A general exception to this is in Puerto Rico, where many museums like el Museo de las Américas, Museo y Centro Humanístico de la Universidad del Turabo, and others feature permanent displays of traditional instruments. Overall, the number of Latin American and Latino music exhibits is growing both in number and range, as illustrated in the following examples from a range of U.S. museums:

  • Corridos Sin Fronteras: A New World Ballad Tradition (2002; traveling exhibit organized by Smithsonian Institution Traveling Exhibition Service (SITES), the Smithsonian Latino Center, and the UCLA Chicano Studies Research Center)
  • American Sabor: Latinos in U.S. Popular Music (2007; organized by University of Washington curators and the Experience Music Project (EMP) Museum, in 2012 developed into a traveling exhibit by Smithsonian Institution Traveling Exhibition Service (SITES))
  • ¡Merengue! Ritmos Visuales/Visual Rhythms (2007; traveling exhibit organized by the Centro Cultural Eduardo León Jimenes)
  • Vexing: Female Voice from East LA Punk (2008; Claremont Museum of Art)
  • Permanent Latin American Gallery in the Musical Instrument Museum (2010, ongoing)
  • Jenni Rivera, La Gran Señora (2013; GRAMMY Museum)
  • 100 Years of Flamenco in New York (2013; organized with Flamenco Vivo Carlota Santana New York Library for the Performing Arts at Lincoln Center)
  • ¡Viva el Mariachi Femenil! (2013; organized by the Mariachi Women’s Foundation, opened at the Women’s Museum of California)
  • Corazón de la Comunidad: A Story of Mariachi in Los Angeles (2015; LA Plaza de Cultura y Artes)
  • FLAMENCO: From Spain to New Mexico (2015; Museum of International Folk Art)

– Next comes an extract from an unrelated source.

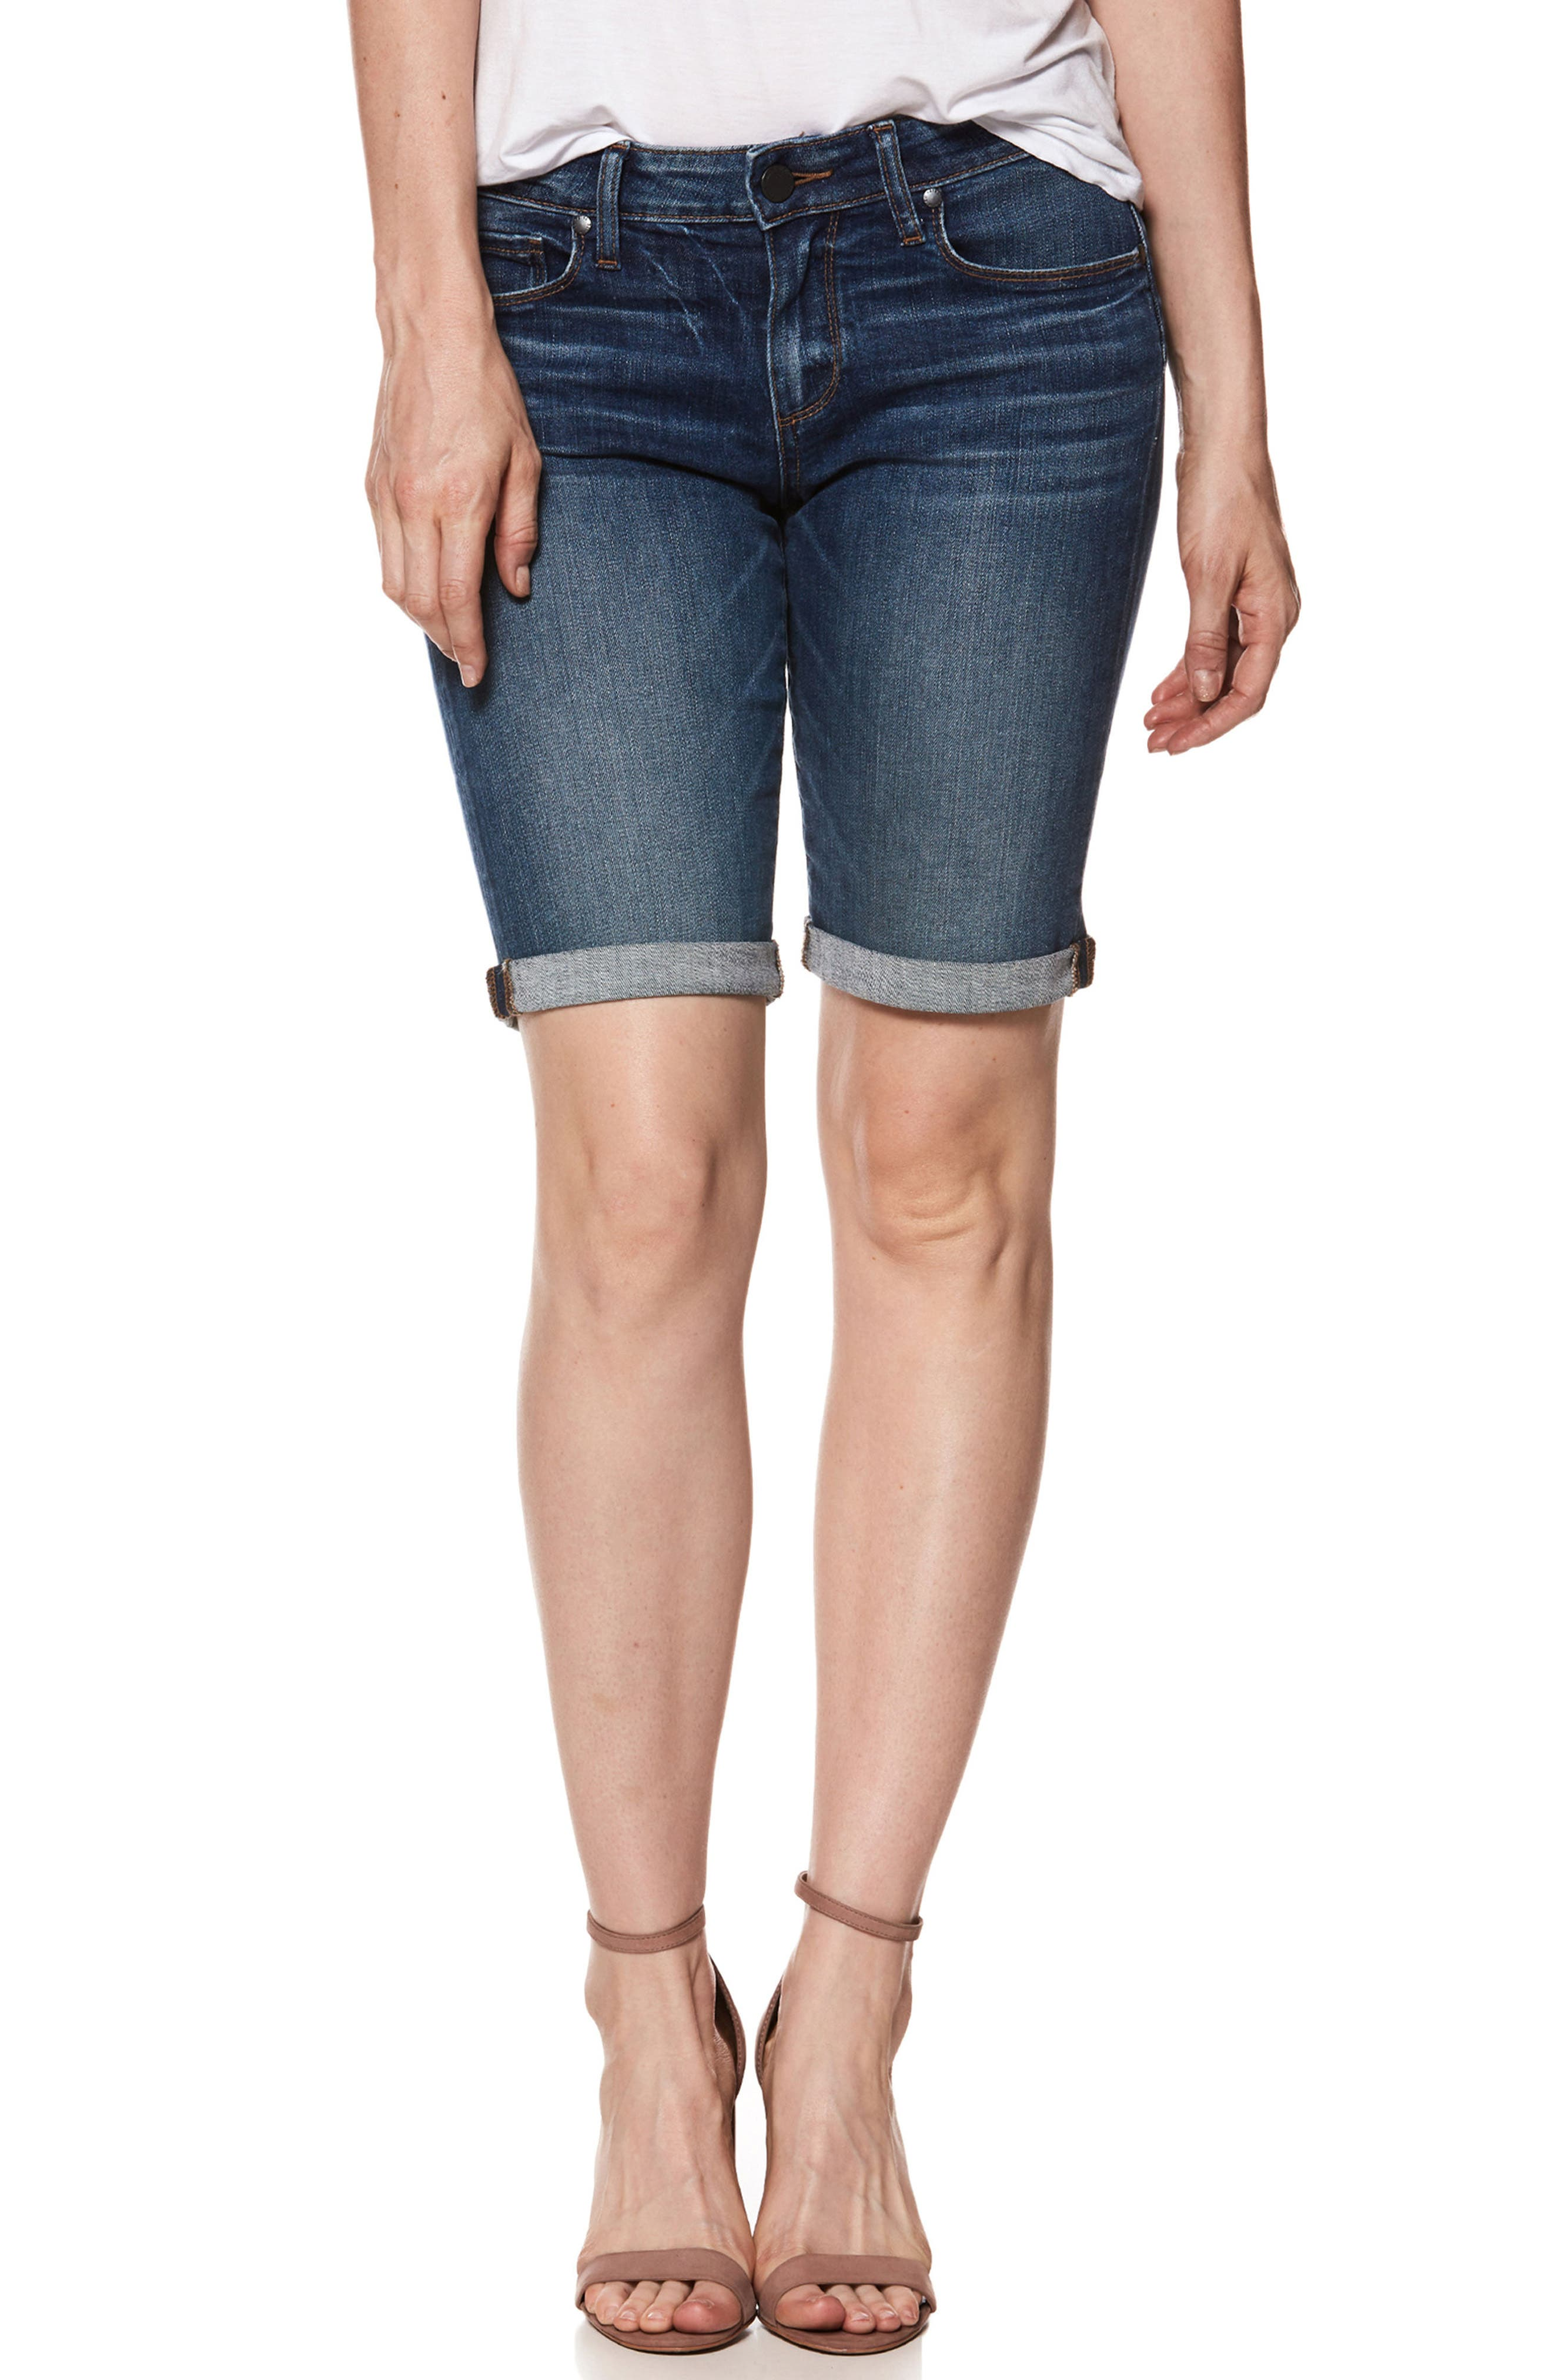 Transcend Vintage - Jax Denim Bermuda Shorts,                             Main thumbnail 1, color,                             Bloomfield

Reviewing these lists of exhibits, the Smithsonian Institution stands out for its pioneering initiatives gathering oral histories, collecting artifacts and archival materials, and producing exhibitions, public programs, and recordings.  Particular recognition is due to Smithsonian veterans James Early, Marvette Pérez, Evelyn Figueroa, Olivia Cadaval, and Daniel Sheehy who have directed much of our finest work on U.S. Latino and Latin American musical traditions. 

 


Ranald Woodaman is the Smithsonian Latino Center’s Exhibitions and Public Programs Director.  His work at the Smithsonian includes the exhibitions ¡Azúcar! The Life and Music of Celia Cruz (2005); Mexican Treasures (2007); Posters from the Division of Community Education (DIVEDCO) of Puerto Rico, 1949-1989 (2008); Panamanian Passages (2009); Southern Identity: Contemporary Argentine Art (2010), and Cerámica de los Ancestros: Central America’s Past Revealed (2013). Currently, Ranald is managing the Latino DC History Project, developing an exhibit contextualizing the Taíno movement with NMAI, and leading exhibit planning for a future Latino gallery in the Arts and Industries Building.